Nofollow tag applied to external link

The most common instances of this are web forums and blog comment sections. Web forums tend to be blanket nofollowed to try to stay away from spam, though spambots will still happily spam a forum open to guest posting or cheap registration. Blog comments also usually should be nofollowed or UGC-tagged, as it discourages the worst of the spam.

That said, if you’re willing to personally vet and approve any link that comes in through your comments, you can leave them followed. You just have to then make sure that you stay on top of this moderation and ensure that the links you’re approving are worthwhile. Google won’t penalize you for a comments system that includes followed links.

If you’re not willing to handle the moderation yourself, then you’ll have to make sure those kinds of submissions are automatically nofollowed or UGC-tagged. You can always include a link to the same page later as a source if you like it enough.

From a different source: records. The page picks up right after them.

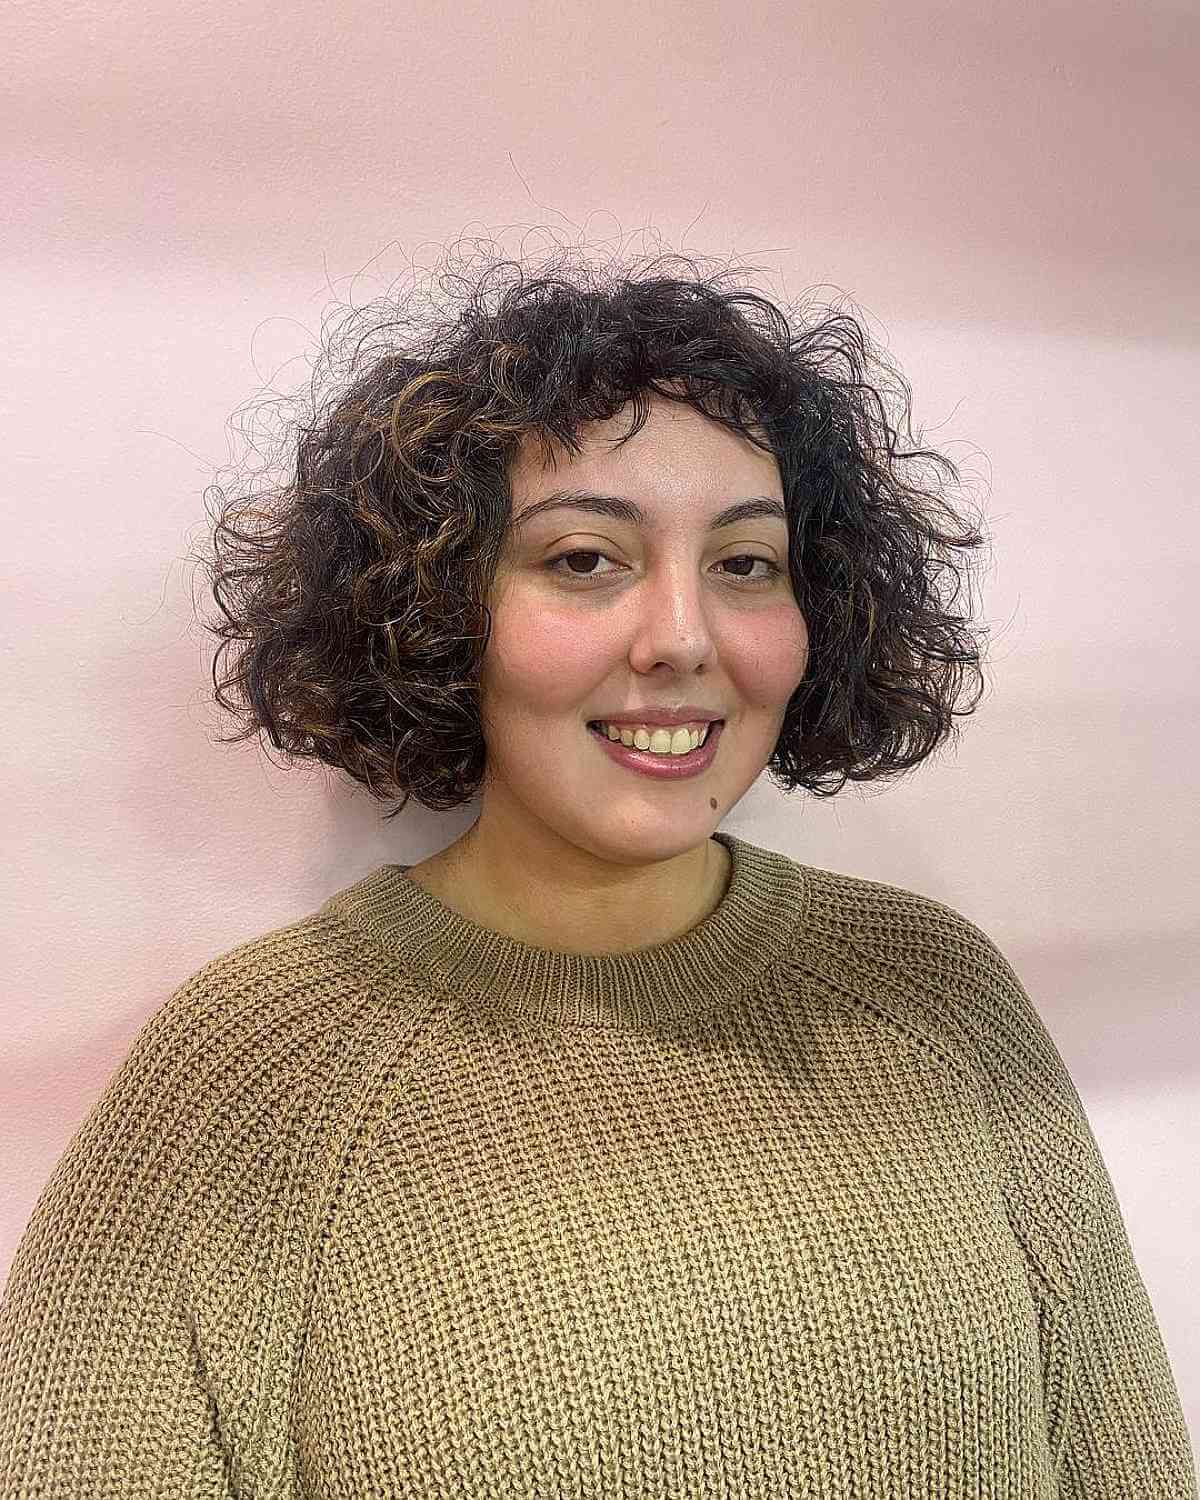 Short chin length choppy hair with frizzy curls and micro bangs
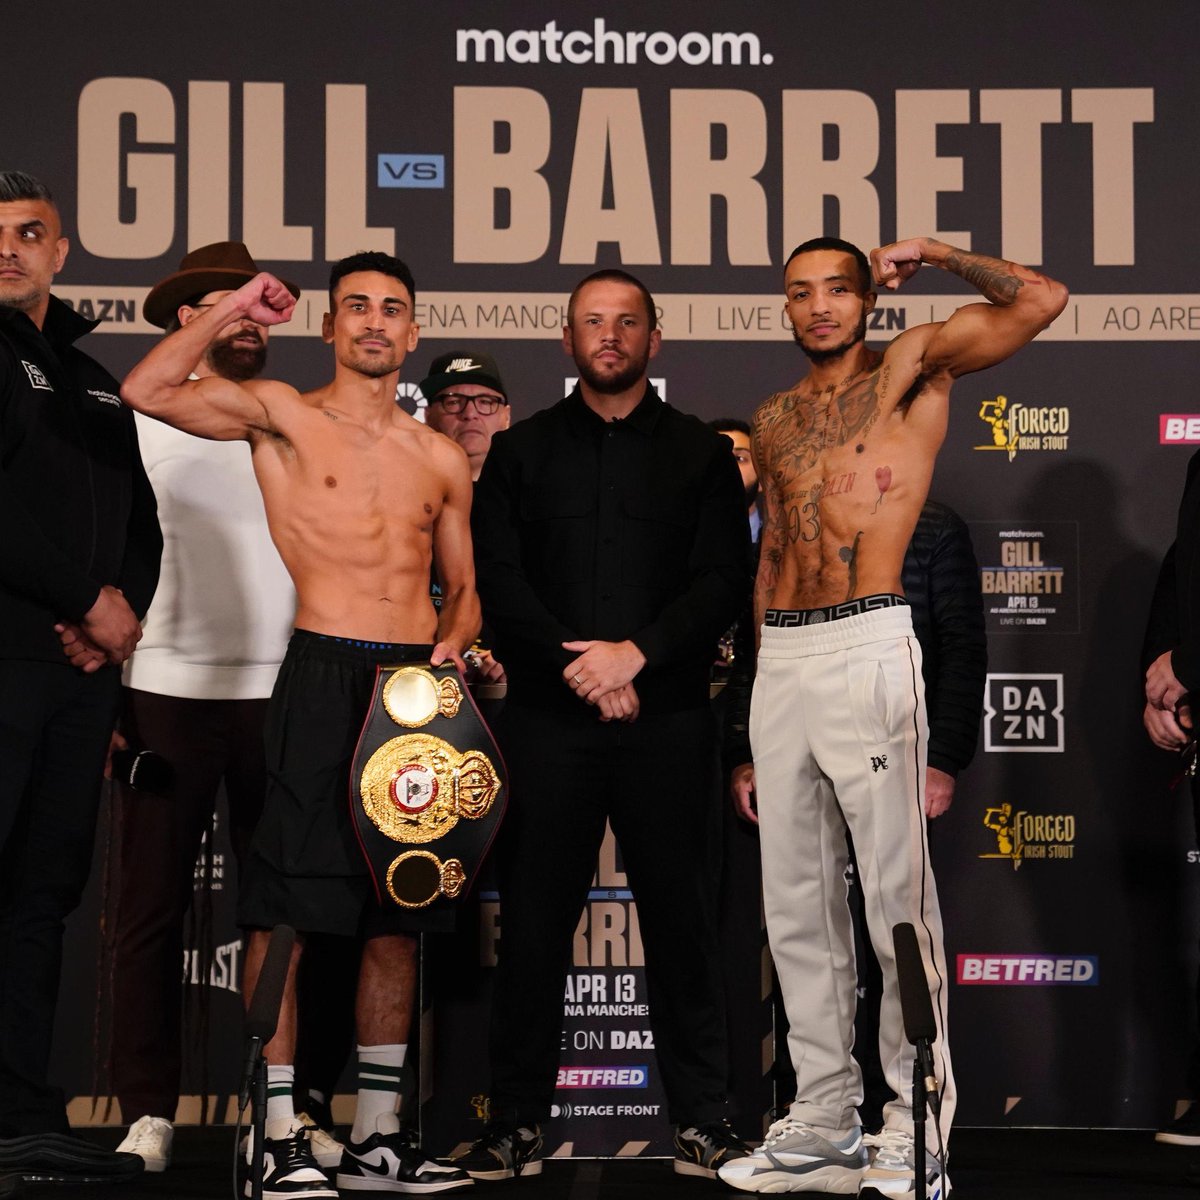 Weigh-in done in Manchester ⚖️ Gill: 129.5 lbs Barrett: 129.6 lbs WBA Super Featherweight International Championship 🏆 📸 @MatchroomBoxing
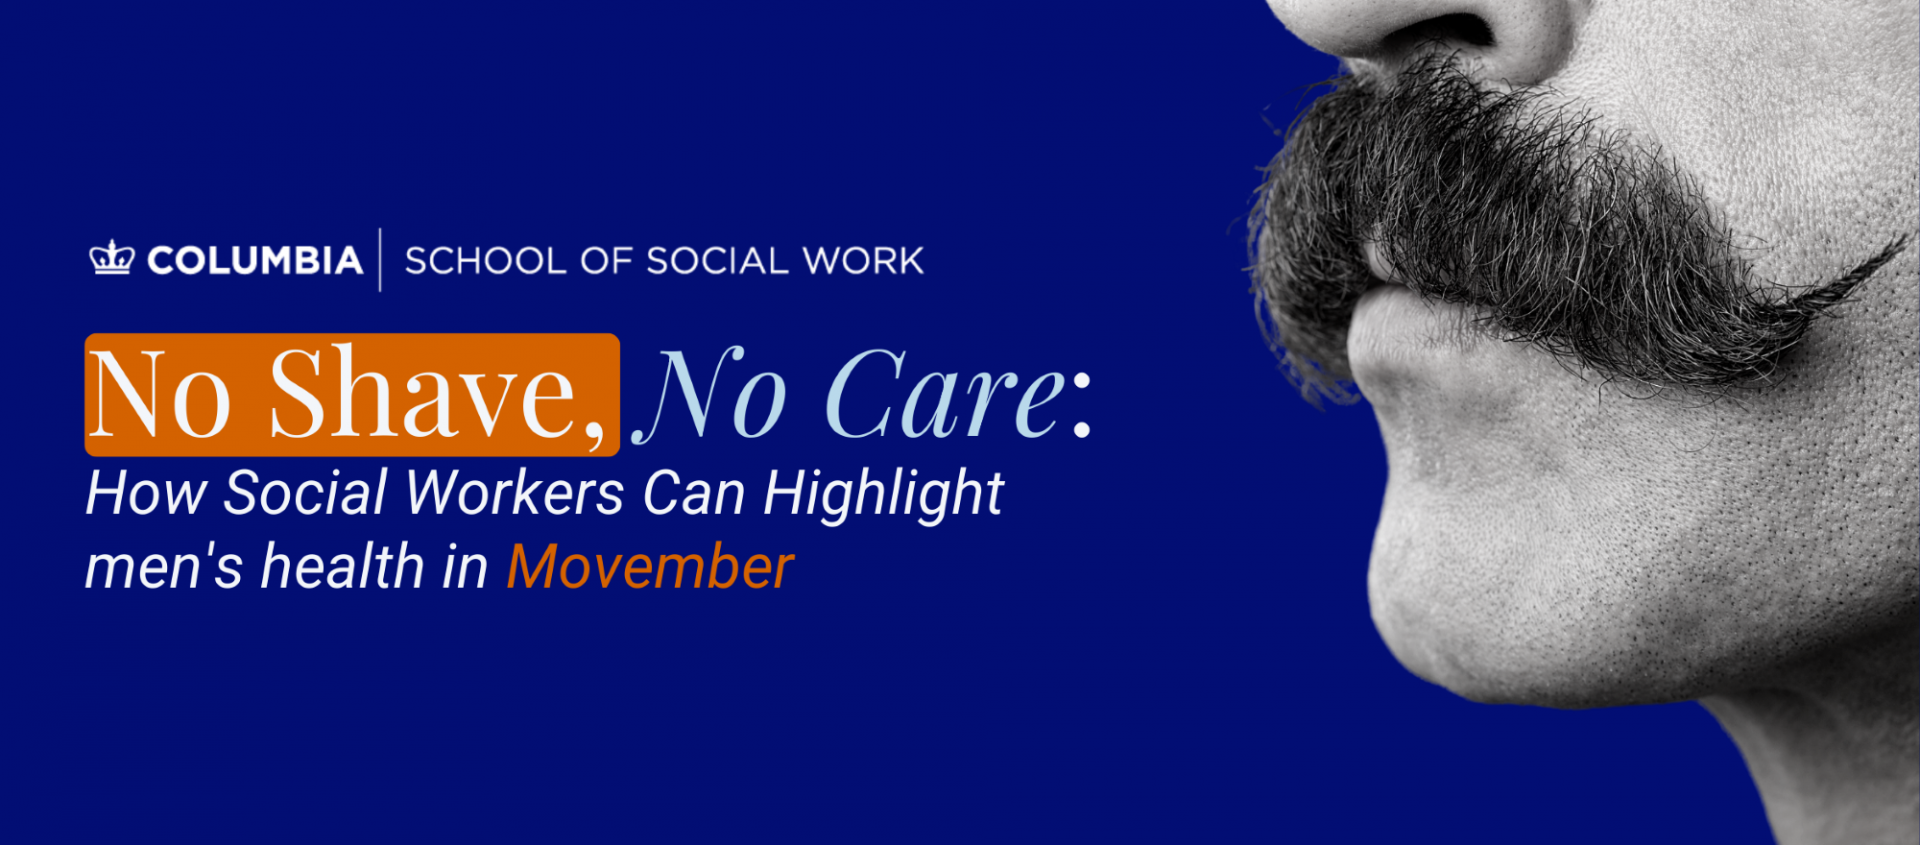 No Shave, No Care: How Social Workers Can Highlight Men's Health in Movember
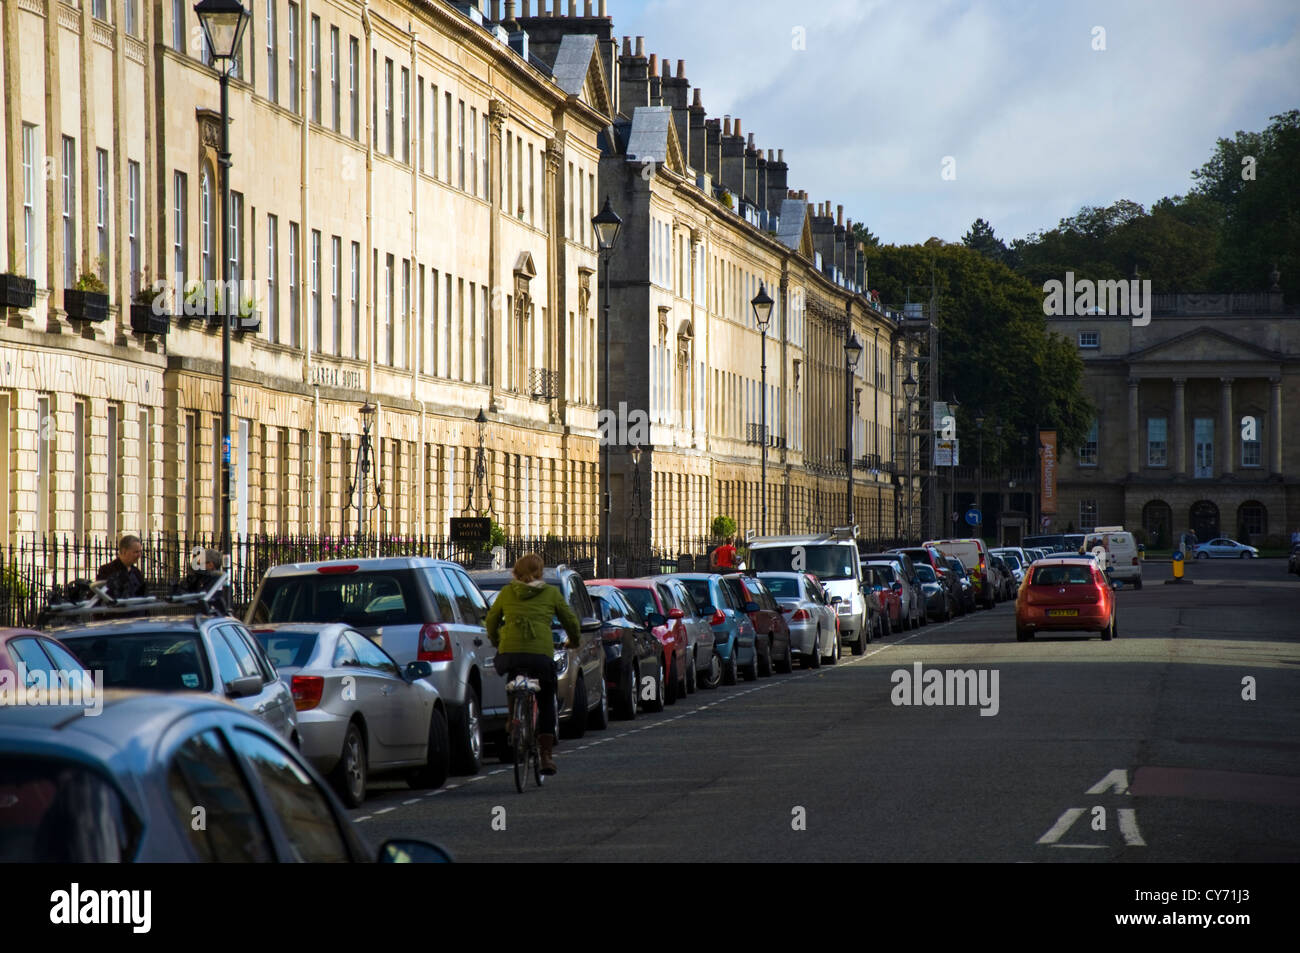 Cars parked on Great Pulteney Street in Bath Stock Photo

Links to sites that are low quality. The big one. For any website you aren’t sure of the quality of, or that you’re pretty sure is low quality, go ahead and nofollow the link. Always remember that your link is a way of passing a vote of confidence. If you wouldn’t want to introduce this website to your grandparents at Thanksgiving, you shouldn’t give it your endorsement - this includes spam sites, sites with user content you might not want to vouch for, and brand new sites in your niche that you might not know are helpful yet.

Links that are irrelevant. If I was going to link to a shoe store to give you an example of a store page, I’d probably nofollow that link. The reasoning here is a little different though. See, when a link comes into your site from an irrelevant page, it has next to no value. Irrelevant links can even be harmful. Google might believe that they’re coming from purchased link programs or private blog networks.

Rather than make the site owner work later asking me to remove or nofollow a link they deem valueless to their own SEO, I just nofollow them by default - this way they don’t have to worry about the links, and I can still use them to give you an example without having to go through a tedious process of screenshotting and formatting images to use instead of a link.

Links to system pages that the average user doesn’t need to find through search. The normal user might be interested to see your privacy policy or your About page or some other system page. But they don’t necessarily need to rank prominently in web search. You can nofollow links pointing to them if you want to limit how much crawl priority and link equity flows in that direction. But still keep the pages accessible and indexable for compliance purposes.

If you follow these rules, you should be able to use nofollow appropriately the majority of the time. You might nofollow a few extra links or leave in a few borderline ones. But that’s natural. A few links won’t hurt you - it’s only when you’re abusing them one way or another - or treating nofollow as a foolproof wall - that you can find a penalty or a lost opportunity waiting.